257 - Baby Steps and Big Bias: A Quality Improvement Project to Reduce Racial Disparities in Newborn Drug Testing for Prenatal Substance Exposure

Publication Number: 257.3832

Amanda S. Costa, University of Michigan Medical School, Plymouth, MI, United States; Kayla Gonzalez, University of Michigan Medical School, Ann Arbor, MI, United States; Maria S. Skoczylas, University of Michigan Medical School, Ann Arbor, MI, United States; Geetha Mogasala,, Michigan, Novi, MI, United States; Bethany Mohr, University of Michigan Medical School, Ann Arbor, MI, United States; Niko Kaciroti, University of Michigan Medical School, Ann Arbor, MI, United States; Alex Peahl, University of Michigan Medical School, Ann Arbor, MI, United States; Lauren Oshman, University of Michigan Medical School, Ann Arbor, MI, United States

Background: Prenatal substance exposure is associated with harms to newborns and their families. The Michigan Child Abuse Prevention and Treatment Act mandates a Child Protective Services (CPS) report for any suspected amount of illicit substance in an infant. CPS reports can assist families in accessing substance use treatment but have also been associated with future adverse outcomes. Studies have found that reports to CPS disproportionately affect Black families.

Objective: At a Midwest institution, a retrospective cohort study of births from 2014-2020 demonstrated that our clinicians ordered meconium drug tests on 11.3% of Black infants compared to 4.7% of White infants (OR 2.72; 95% CI, 2.37-3.13).
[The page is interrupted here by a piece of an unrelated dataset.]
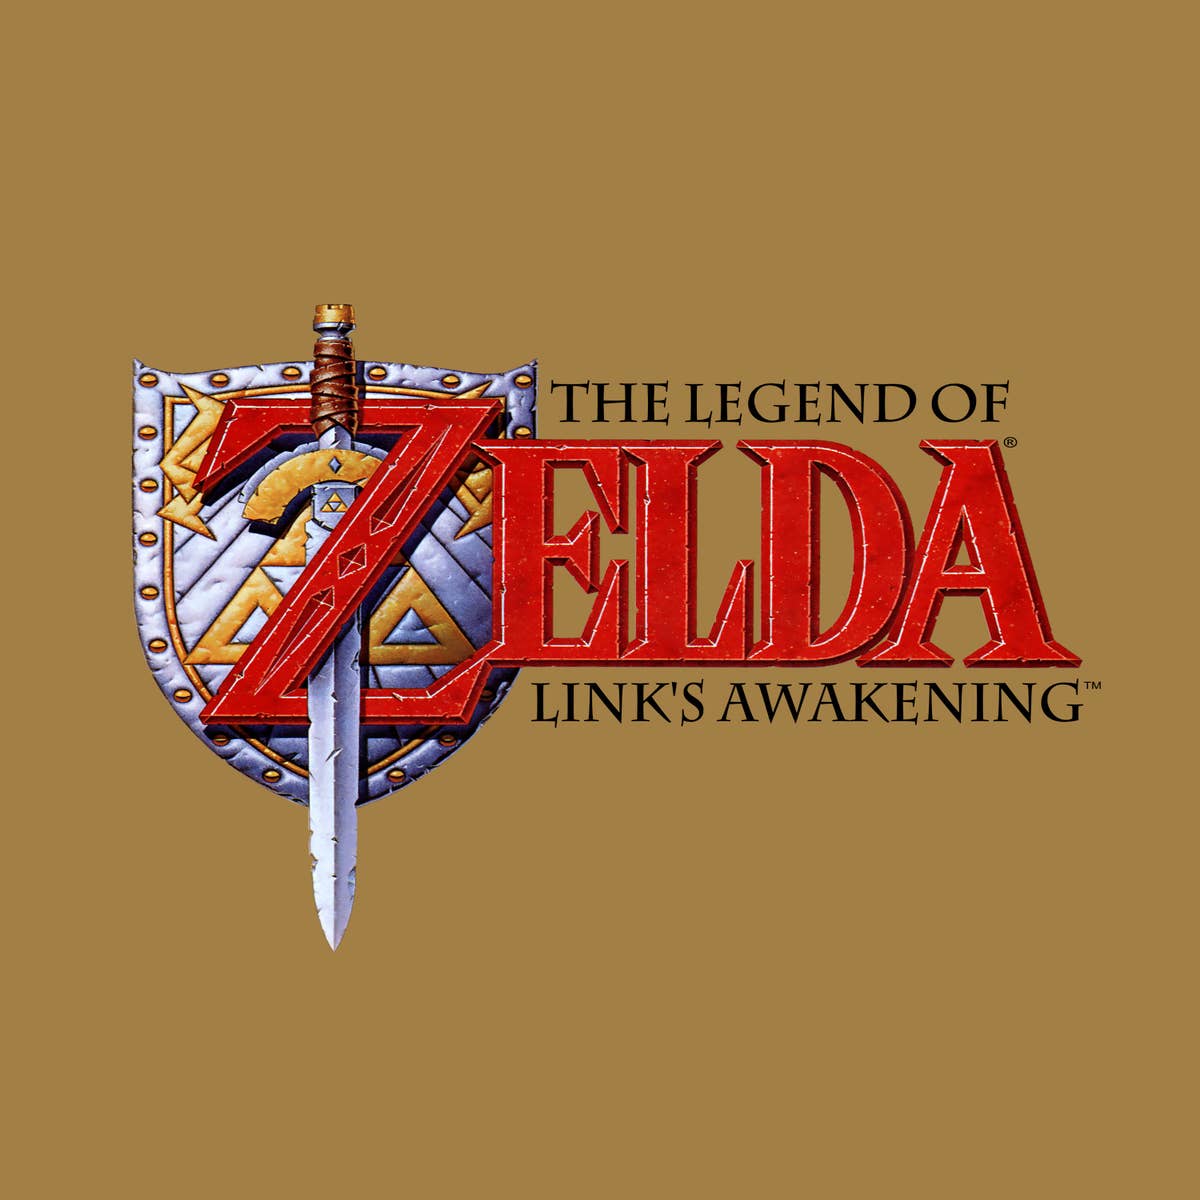 The Legend of Zelda: Link's Awakening DX walkthrough video guide

Qualitative interviews with health care professionals identified structural racism as a possible driver of the disparity. The institution did not routinely perform prenatal urine drug testing and lacked a standardized guideline for newborn drug testing, leaving the decision to the discretion of the provider. The aim of this quality improvement study is to eliminate racial disparities in drug testing for substance exposed newborns within 12 months in order to create an equitable, respectful and positive experience at the institution.
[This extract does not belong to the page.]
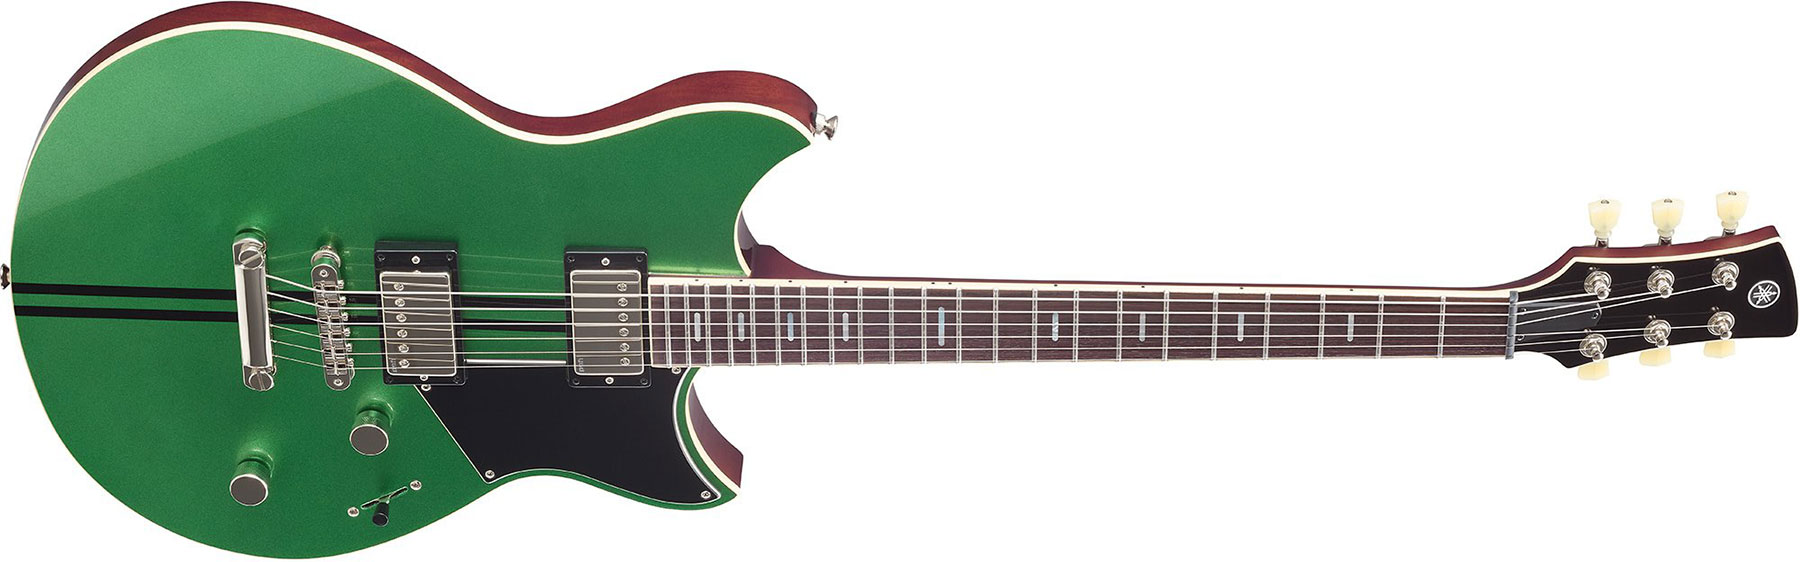 Yamaha Rss20 Revstar Standard Hh Ht Rw - Flash Green - Double Cut E-Gitarre - Variation 1

Design/Methods: After convening a multidisciplinary team, we identified lack of standardized policy and clinician education as key drivers of the disparity. PDSA cycles included developing a policy to standardize indications for meconium drug testing, implementing an order set, and building a quality improvement (QI) dashboard. Descriptive statistics regarding testing rates and indications for testing stratified by race and ethnicity were performed.

Results: Results showed that the rate of testing of Black newborns increased from 5.3% pre-policy to 9.1% post-policy and white newborns increased from 3.2% to 3.8%. Reasons for testing differed by race; testing for late prenatal care after 20 weeks accounted for 19.4% of all tests performed for Black newborns compared to 7.1% of all tests for White newborns. Testing for isolated marijuana use as the only indication for testing increased from 4.5% to 7.2% for Black newborns and remained stable from 2.6% or 2.7% for white newborns.

Conclusion(s): Implementing a standardized policy and order set widened the disparity between Black and White newborns and increased testing rates for all newborns. Most tests were done for cannabis exposure. Future QI efforts will include reevaluation of our institution's approach to prenatal cannabis exposure and drug testing.

Percentage of Black Infant Receiving Biologic Testing
Implementing a policy did not reduce drug testing rates for Black newborns and increased testing rates for all newborns.


Stratification of drug test by race
Table of drug testing by race pre and post policy implementation.
Testing for Black newborns increased: 6.3% (2022) to 9.4% (2023)
Testing of white newborns increased: 3.4% (2022) to 3.9% (2023).


Explanatory framework
Explanatory framework of potential influences of structural racism on health care professional decision making in newborn drug testing.